Britney Spears closed out her Femme Fatale tour this weekend with her legs wide open on Pauly D’s neck. The singer taught the Jersey Shore DJ that GTL does not only mean Gym Tan Laundry, but also Get The Lapdance. And as you can see in the below video from August it wasn’t the first time that she was all over him during her show.
BTW I am surprised that after the first time that MTV didn’t give them their own show, Jersey Spears. It would actually be even cheesier than Jersey Shore and would totally have me watching. Could you see Britney tanning and boozing? Snooki wouldn’t even have a chance with the last drunk guy at the bar.
Joe Jonas went to see Britney Spears in concert last night and he got a nice little surprise. The Toxic singer called him up on the stage for Leather and Lace and he got more than that when she and her background singers gave him a lap dance in front of thousands of fans! The middle Jonas brother handled it so well, I wonder if he has taken off of his purity ring. And if he didn’t, I don’t know how much longer it will be on his finger after that.

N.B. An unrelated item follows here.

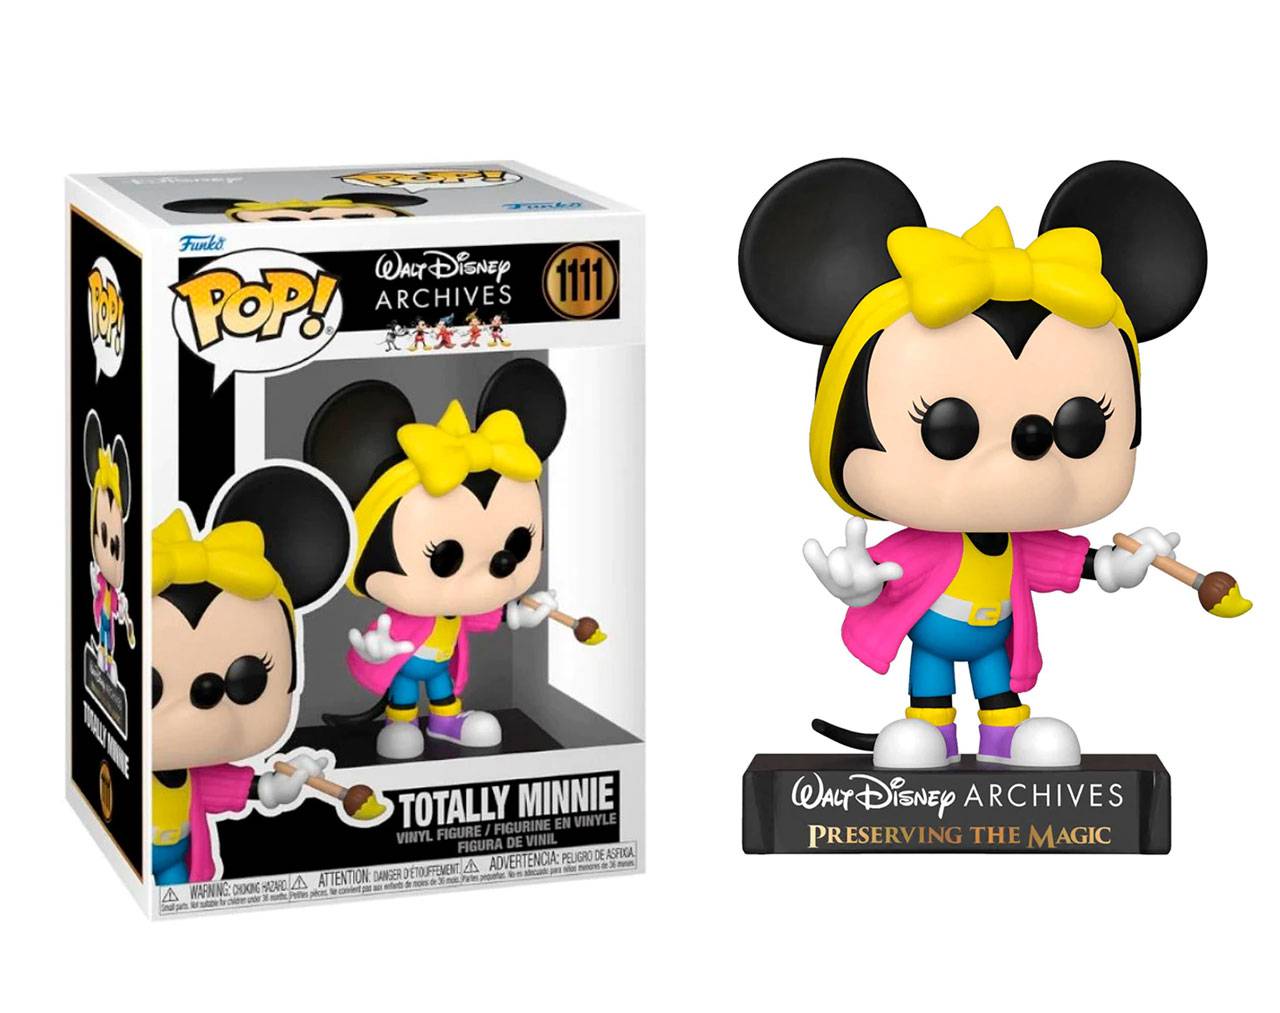 Totally Minnie - 50th Walt Disney Archives Pop! Vinyl

On that note, too bad he was wearing jeans and not sweatpants because I would love to have seen just how excited he was with that performance!
BTW I bet Disney would love to get those two former-child stars of theirs together after seeing them together like that!

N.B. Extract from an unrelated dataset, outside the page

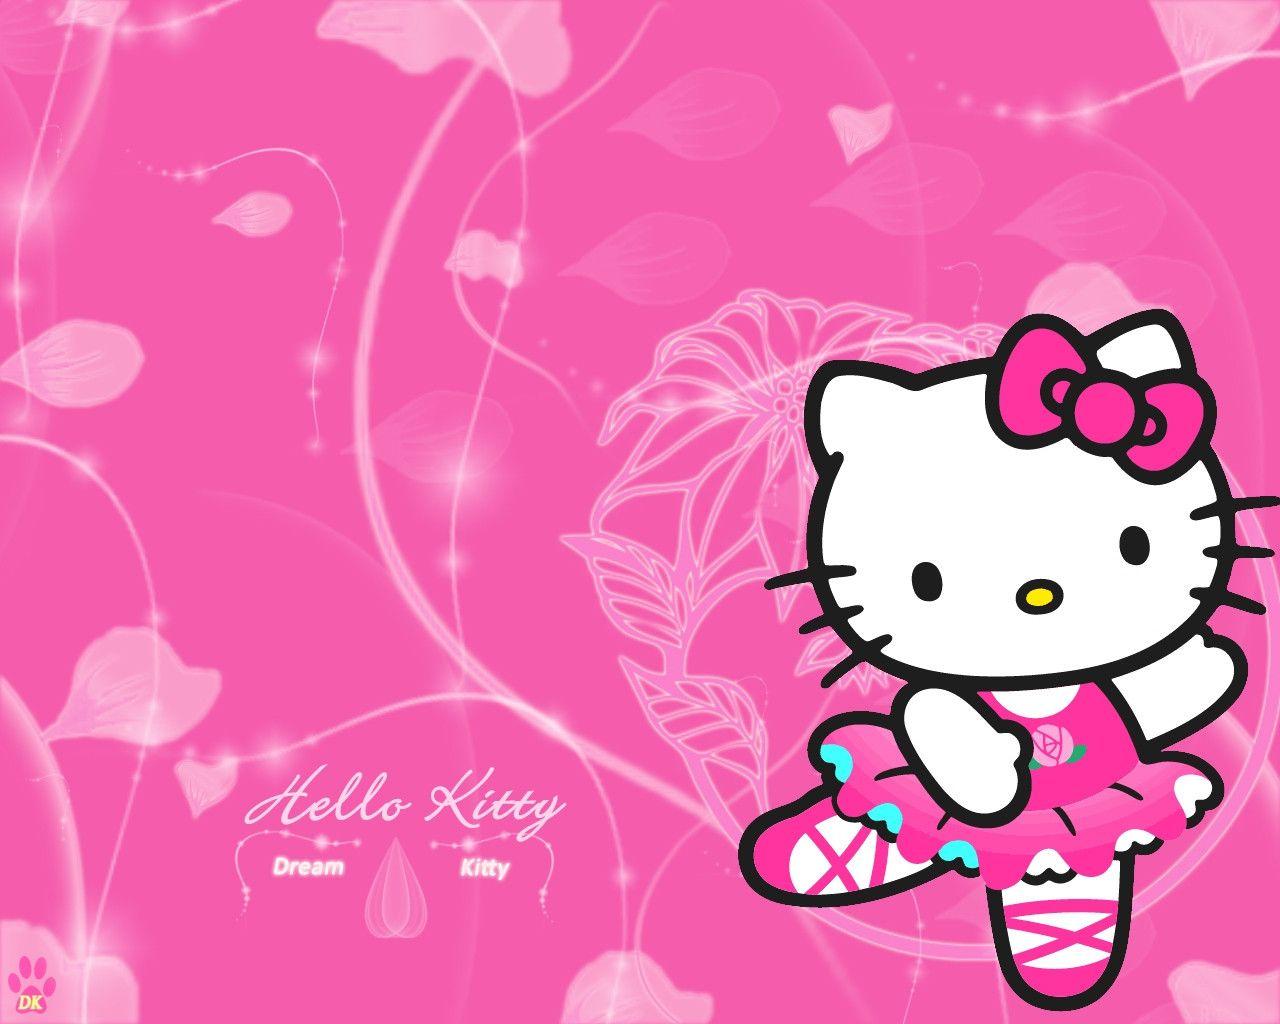 Download Hello Kitty Dream Wallpaper 1280x1024. Full HD Wallpaper

In 2003 Britney Spears had no problem kissing Madonna during the VMAs and earlier this year she did the same with Rihanna at the AMAs, but she drew the line by sharing a lip lock with Lady Gaga dressed as a man. So I wonder if she didn’t want to be repetitive as she said or she just doesn’t want to kiss a lady dressed like a man. Either way I hope the staged same-sex kisses are done because as Britney implied they are so 2003!
BTW do you think that Lady Gaga’s Jo Calderone looks like a young Ralph Macchio? I see it, but I don’t.